Background English materials for speech audiometry are well established. In Spanish, speech-recognition materials are not standardized with monosyllables, bisyllables, and trisyllables used in word-recognition protocols.

Purpose This study aimed to establish the psychometric characteristics of common Spanish monosyllabic, bisyllabic, and trisyllabic words for potential use in word-recognition procedures.

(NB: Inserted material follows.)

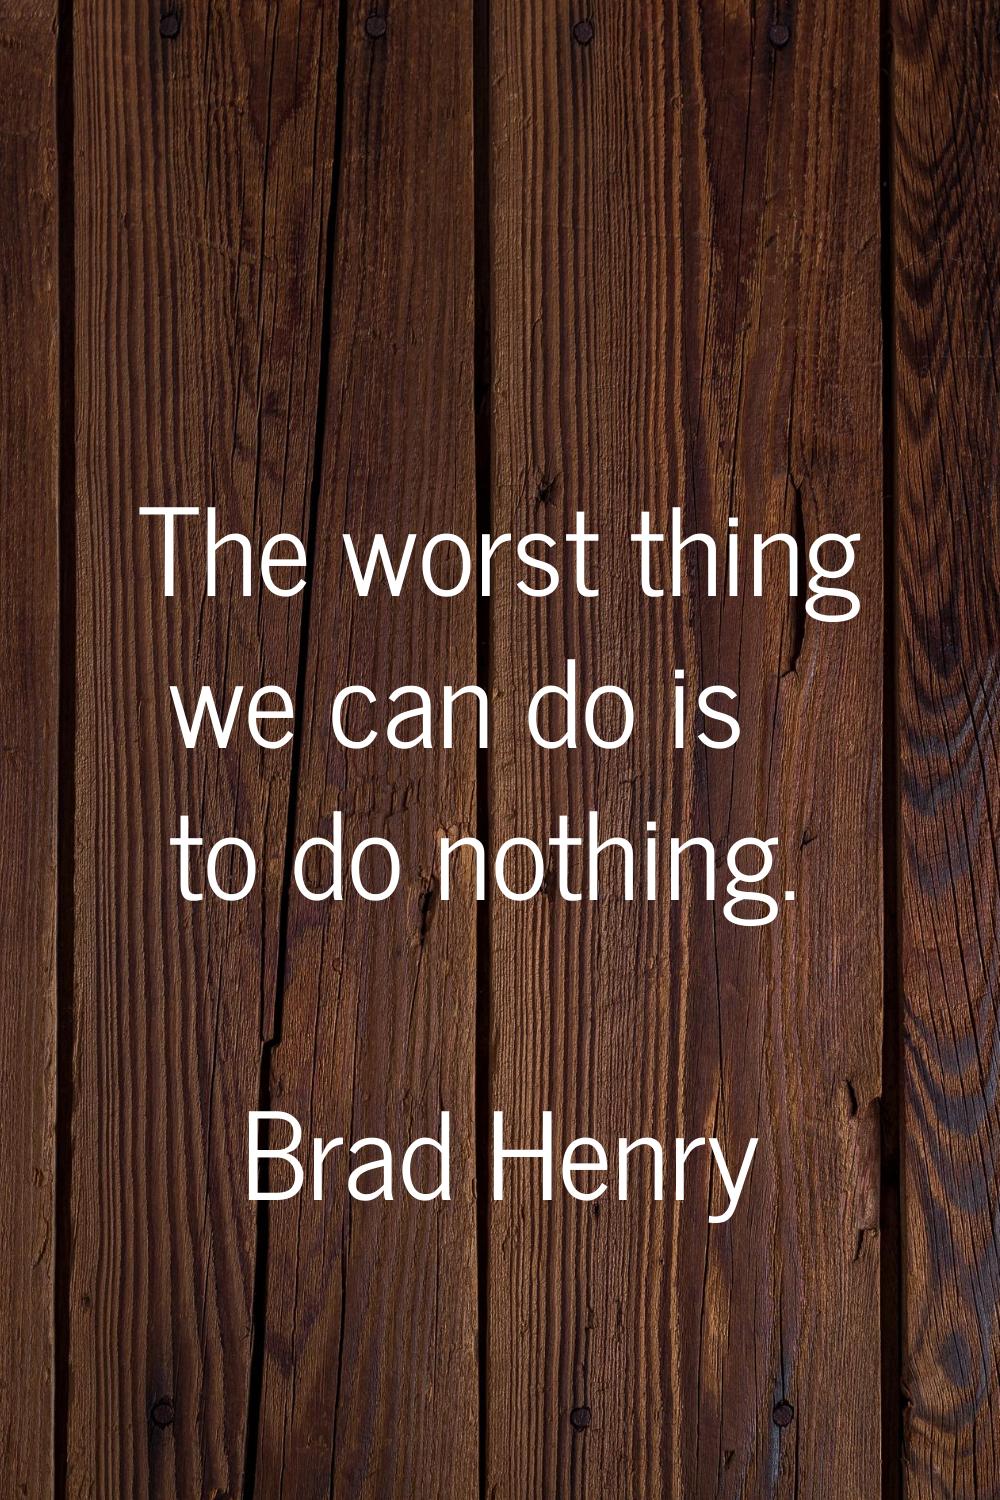 The worst thing we can do is to do nothing.
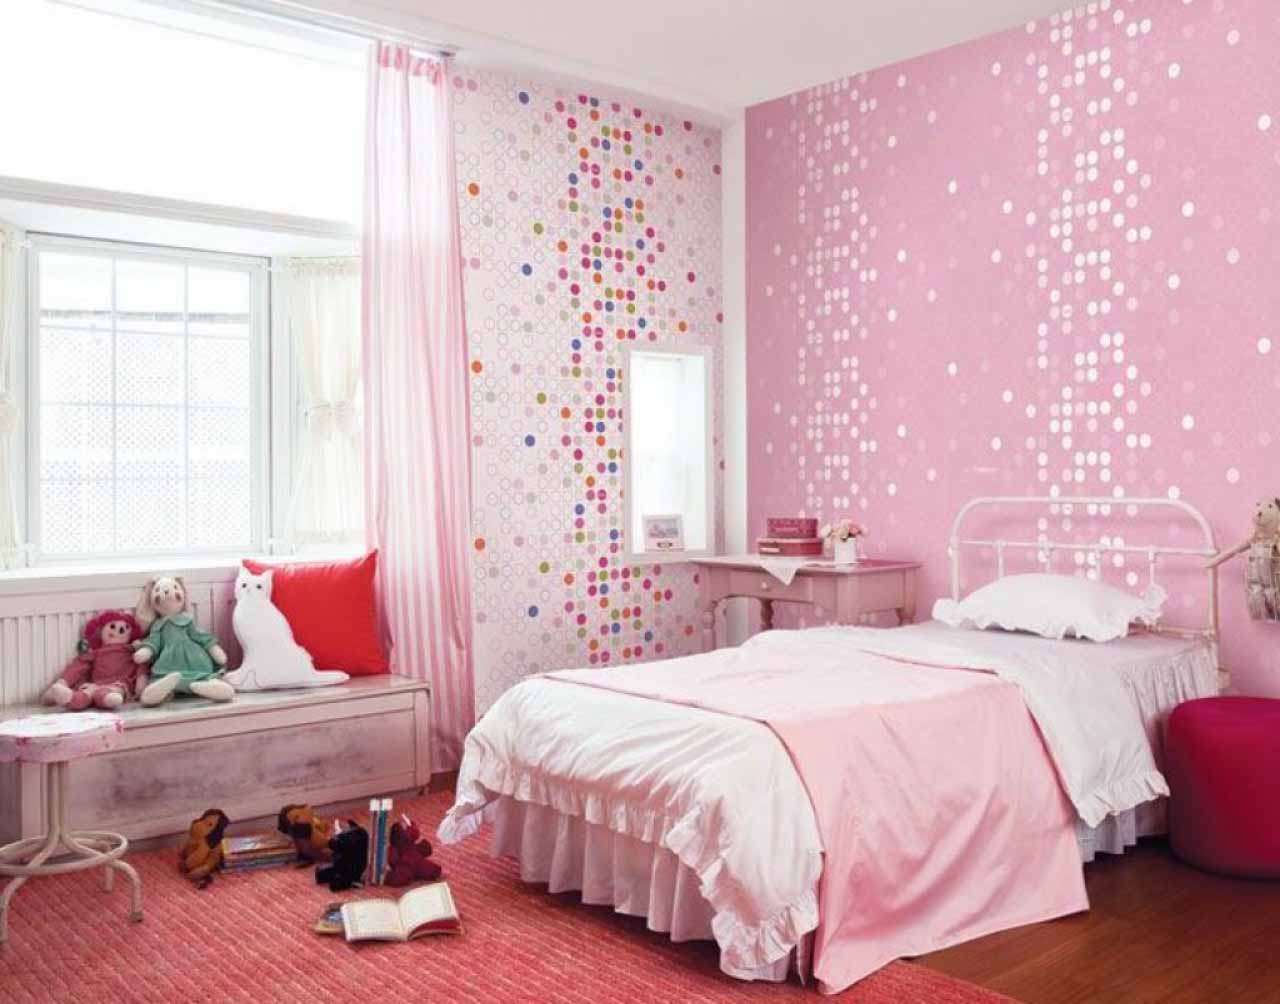 🎀 Design a Completely Pink Bedroom and We’ll Guess How Old You Are Kid's room 13

Research Design Prospective descriptive study.

Study Sample Eighteen adult Puerto Ricans (M = 25.6 years) with normal hearing [M = 7.8-dB hearing level (HL) pure-tone average] were recruited for two experiments.

Data Collection and Analyses A digital recording of 575 Spanish words was created (139 monosyllables, 359 bisyllables, and 77 trisyllables), incorporating materials from a variety of Spanish word-recognition lists. Experiment 1 (n = 6) used 25 randomly selected words from each of the three syllabic categories to estimate the presentation level ranges needed to obtain recognition performances over the 10 to 90% range. In Experiment 2 (n = 12) the 575 words were presented over five 1-hour sessions using presentation levels from 0- to 30-dB HL in 5-dB steps (monosyllables), 0- to 25-dB HL in 5-dB steps (bisyllables), and −3- to 17-dB HL in 4-dB steps (trisyllables). The presentation order of both the words and the presentation levels were randomized for each listener. The functions for each listener and each word were fit with polynomial equations from which the 50% points and slopes at the 50% point were calculated.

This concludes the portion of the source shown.